A permanent stream of argon was bubbled through the solution. The reaction mixture
was stirred for 40 min at r.t., MeOH (25 mL) was added and the volume of the solution
was reduced to ca.10 mL. H2O (25 mL) was added and the resulting precipitate was collected and washed with H2O (3 × 10 mL). Flash chromatography (PE-EtOAc, 3:1; R
f
0.36) and recrystallization (CH2Cl2-i-PrOH) gave 60 mg (68%) of the spiro compound 4 as colorless needles.

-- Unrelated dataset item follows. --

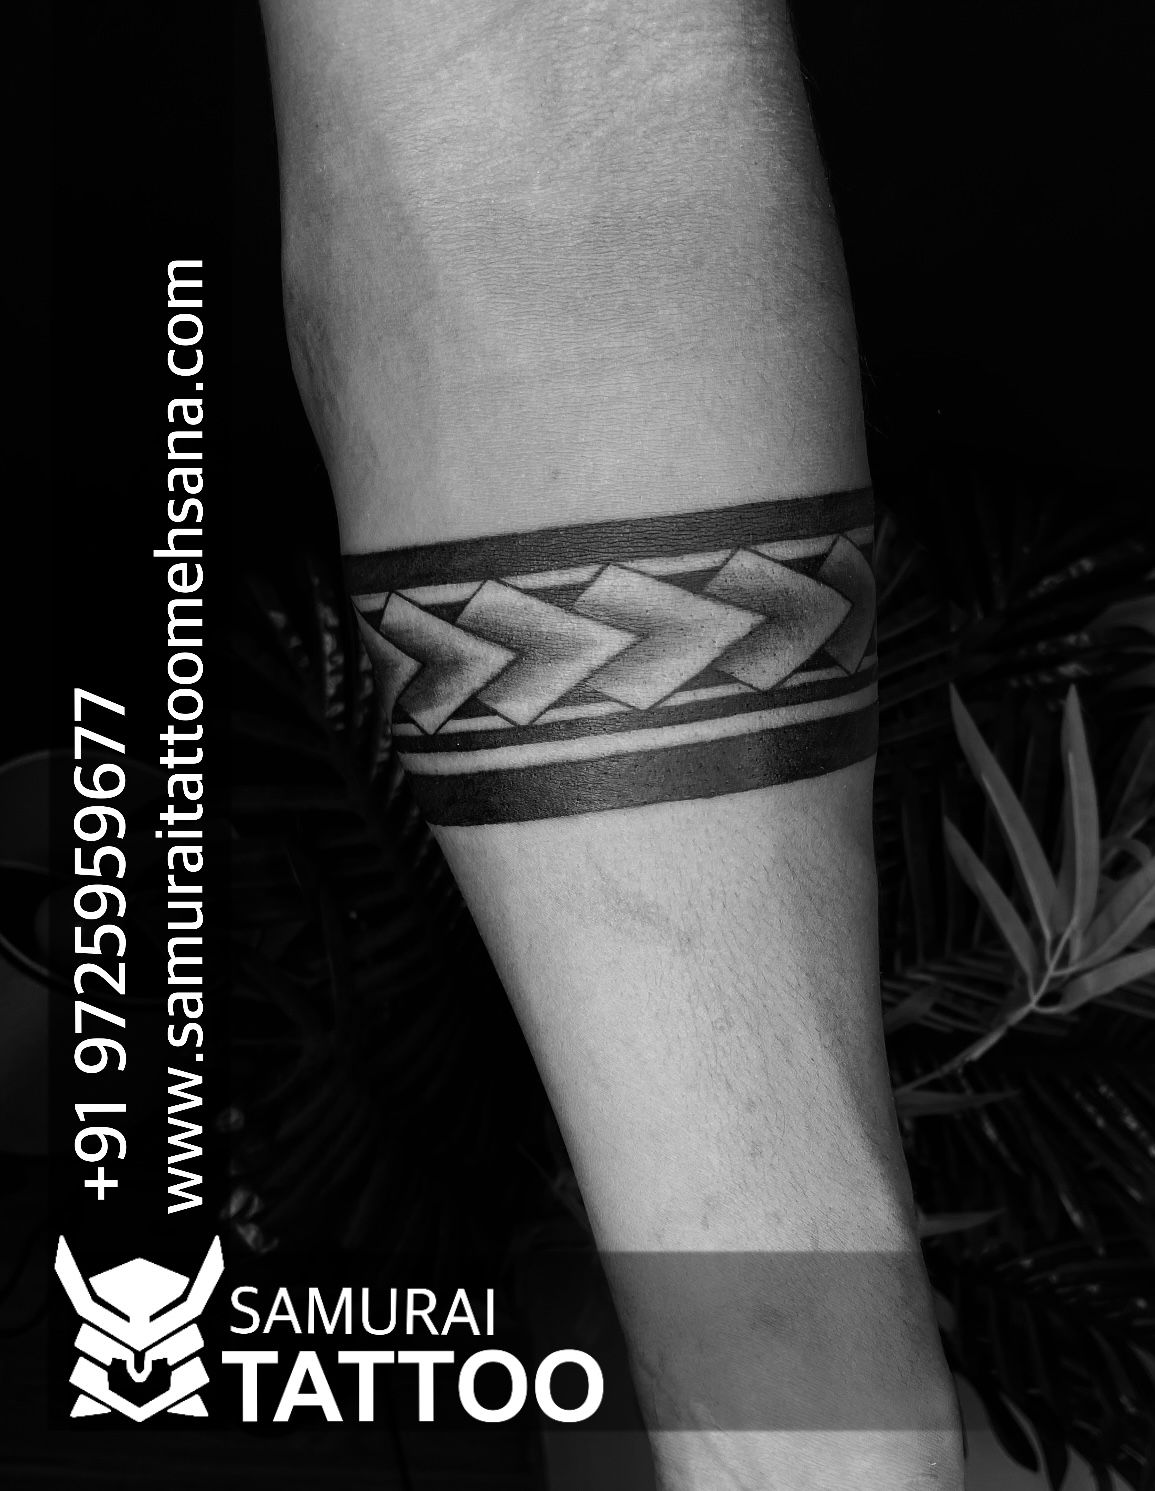 Tempoary Tattoowala Lion Tribal Full Hand Band Round Tattoo Waterproof  Temporary Body Tattoo : Amazon.in: Beauty

Mp 253-255 °C. IR (KBr): 3060, 2923, 2854, 1667, 1647, 1597, 1585, 1570, 1470, 1458,
1428, 1395, 1355, 1287, 1271, 1250, 1191, 1142, 1096, 1081, 988, 940, 917, 885, 865,
801, 778, 759, 733, 645, 619 cm-1. 1H NMR (400.1 MHz, CDCl3, 223 K): δ = 2.63 (d, J = 13.6 Hz, 2 H), 2.97 (d, J = 13.1 Hz, 2 H), 3.70 (d, J = 12.9 Hz, 2 H), 3.91 (d, J = 13.2 Hz, 2 H), 6.01 (d, J = 8.4 Hz, 2 H, Py-3-H), 6.30 (s, 2 H), 6.34 (s, 2 H), 6.71 (t, J = 5.5 Hz, 2 H, Py-4-H), 6.81 (d, J = 7.3 Hz, 2 H), 6.94 (t, J = 7.6 Hz, 2 H), 7.25 (t, J = 7.1 Hz, 3 H), 7.31 (m, 6 H), 7.39 (m, 1 H, Ar′H), 7.44 (m, 2 H), 7.57 (m, 2 H),
7.68 (t, J = 7.3 Hz, 1 H), 7.74 (t, J = 7.3 Hz, 1 H), 7.82 (d, J = 7.6 Hz, 1 H), 7.91 (m, 4 H), 7.98 (d, J = 7.3 Hz, 1 H), 9.18 (d, J = 7.6 Hz, 1 H). 13C NMR (100.6 MHz, CDCl3, 223 K): δ = 29.70 (t), 35.07 (t), 56.00 (s, spiro-C), 56.67 (s, spiro-C), 110.57
(d, Py-C-3), 116.92 (d, Py-C-4), 119.99 (d), 120.44, 120.63, 120.83, 124.25 (d), 124.46
(d), 124.72 (s), 124.93 (d), 127.09 (d), 127.54 (d), 127.81 (d), 128.39 (d), 128.48
(s), 128.69 (s), 129.45 (s), 130.64 (d), 130.72 (s), 131.79 (s), 136.78 (s), 139.21
(d, Py-C-3), 140.10 (s), 140.48 (s), 140.98 (s), 141.20 (s), 141.71 (d), 141.99 (s),
143.45 (s), 143.95 (d), 144.67 (s), 147.27 (Py-C-6), 149.28 (s), 163.10 (s, Py-C-1),
183.23, 185.93 (s). MS (FAB): m/z (%) = 901.4 (20)[M + Na+]. UV/Vis (CH3CN): λmax (log ε) = 227 (4.9), 258 (4.6), 291 (4.0), 302 (4.1) nm. Anal. Calcd for C62H42N2O4·0.5H2O (888.02): C, 83.86; H, 4.88; N, 3.15. Found: C, 83.64; H, 4.14; N, 2.96.